* _Work item_: In the listing below, find the line with "Набор стаканов Gipfel" and copy every line from there up to and including the line with "Falls Out Balls Out - Unisex T-Shirt", exactly and without pictures.

* _Records shown_:
___

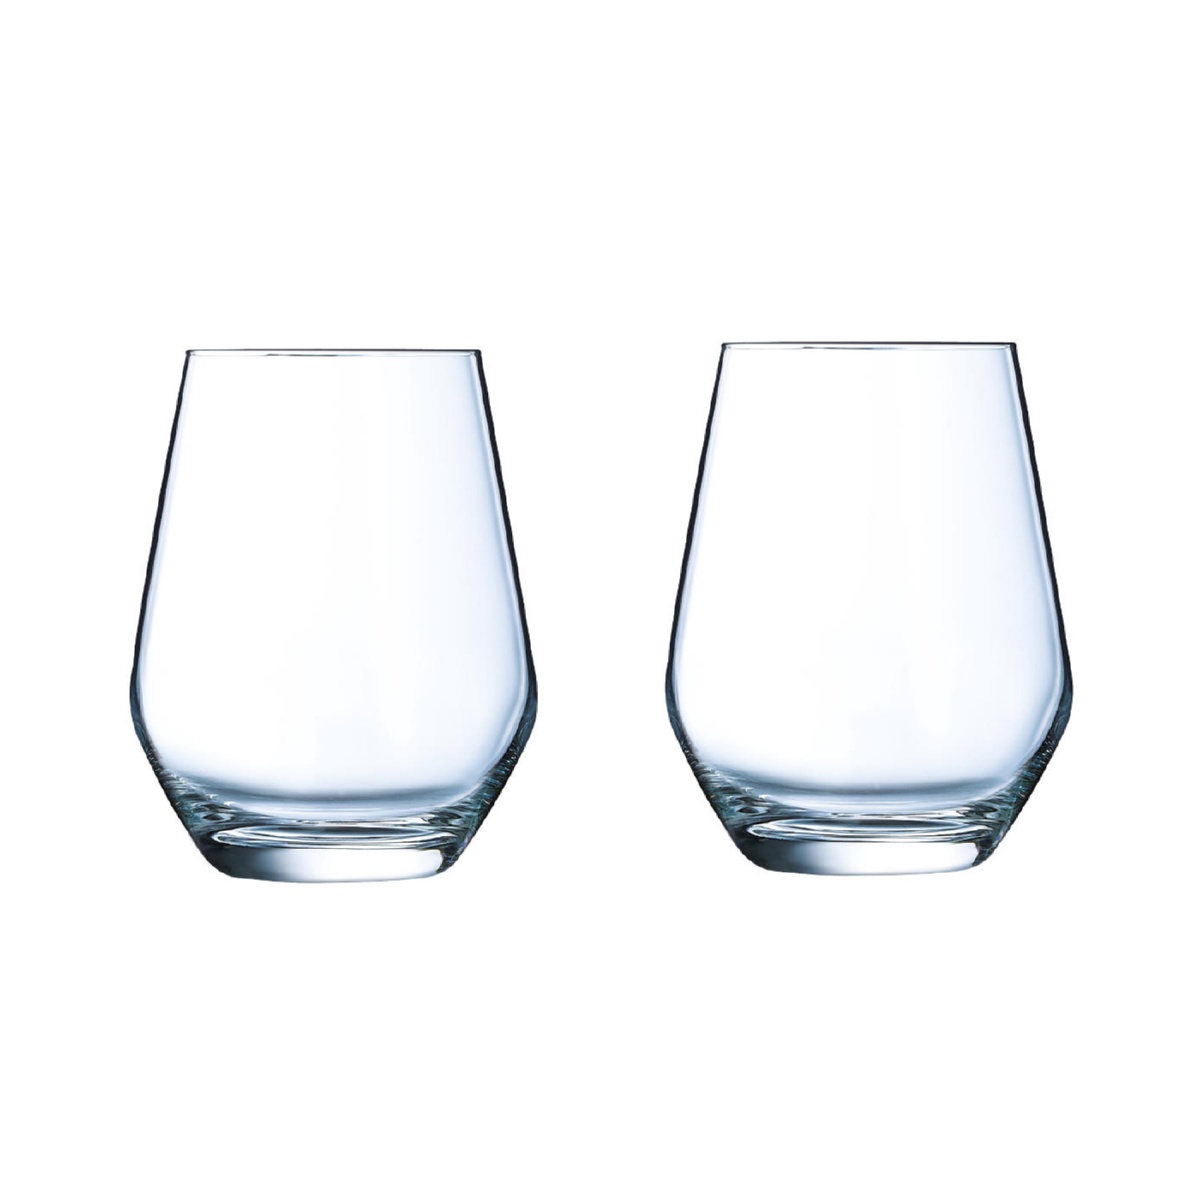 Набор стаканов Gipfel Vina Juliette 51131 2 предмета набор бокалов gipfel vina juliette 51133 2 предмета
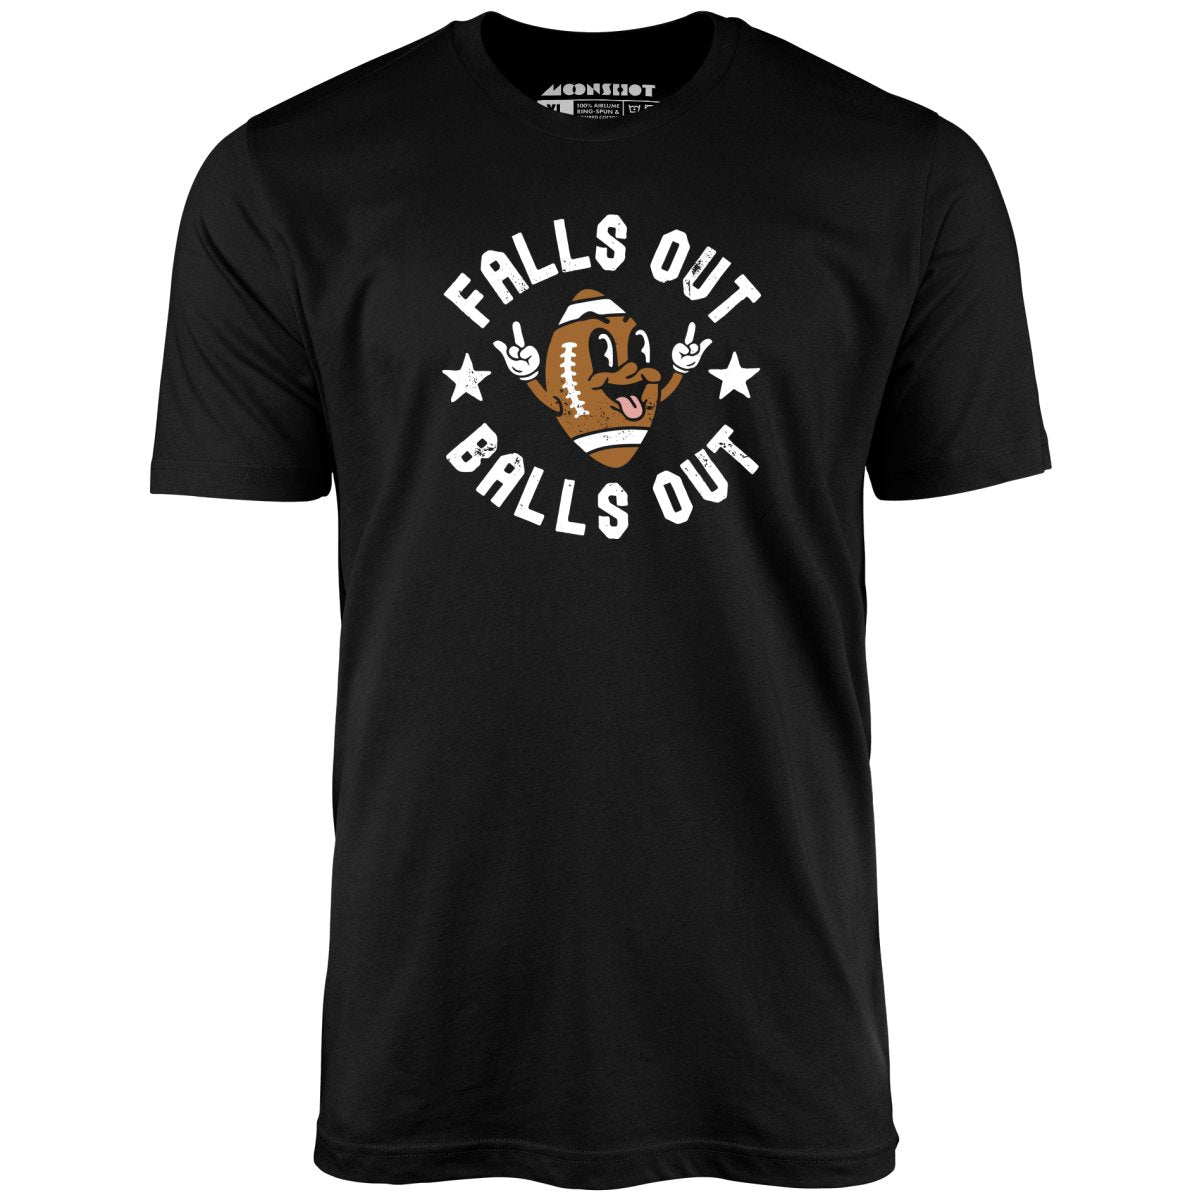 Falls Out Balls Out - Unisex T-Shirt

___

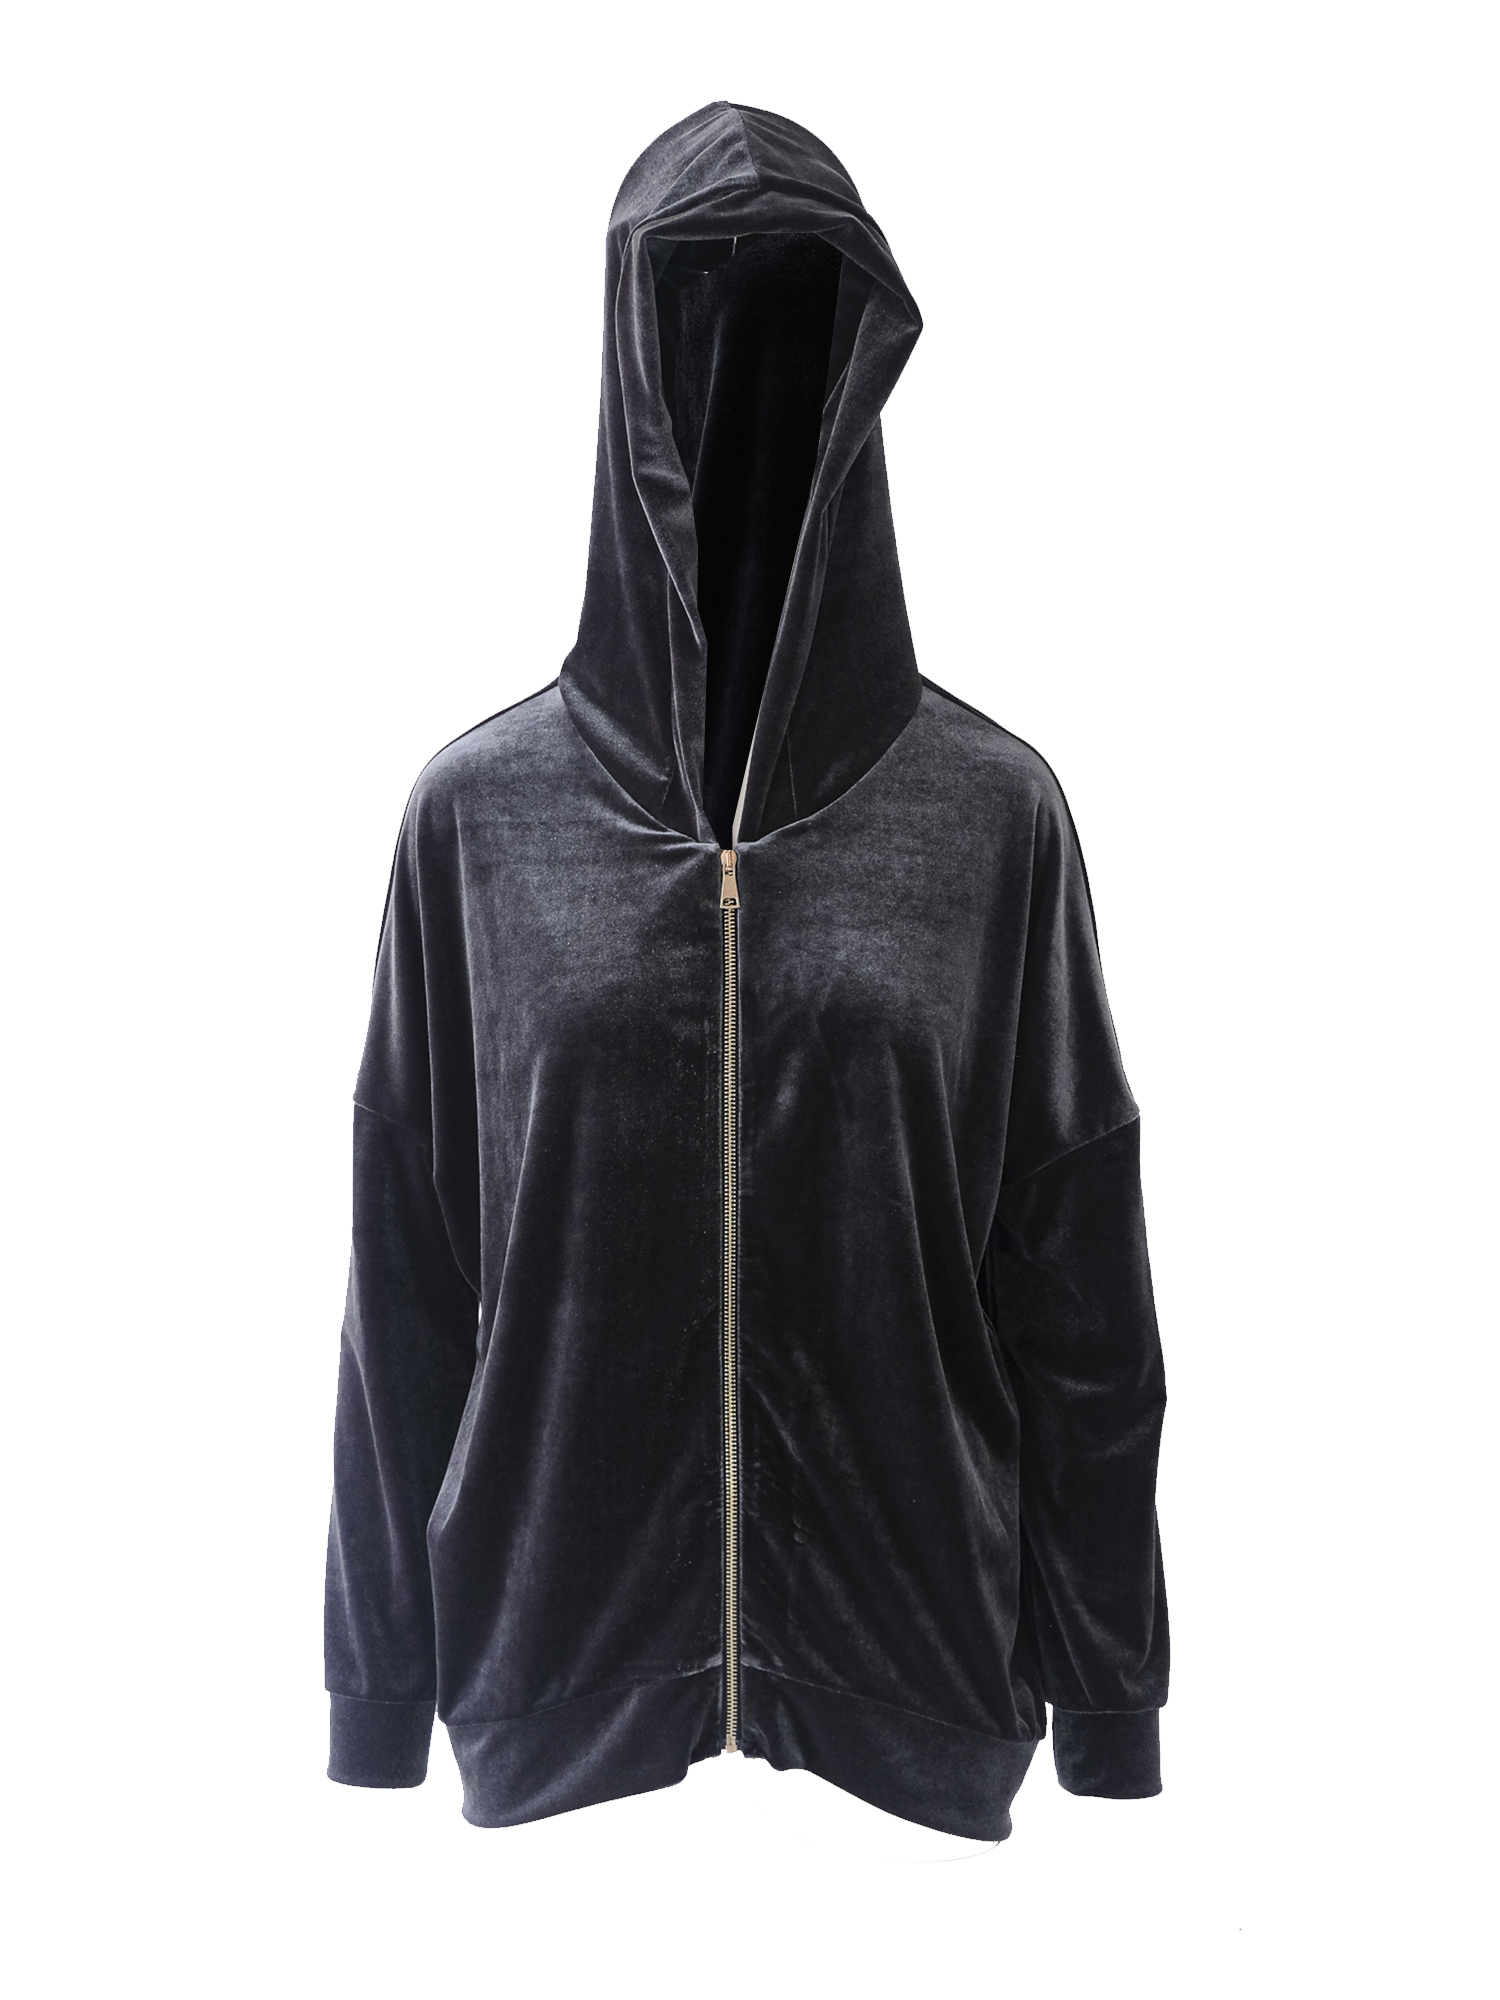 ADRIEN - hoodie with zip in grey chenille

___

* _Exercise result_:
 Набор стаканов Gipfel Vina Juliette 51131 2 предмета набор бокалов gipfel vina juliette 51133 2 предмета
 Falls Out Balls Out - Unisex T-Shirt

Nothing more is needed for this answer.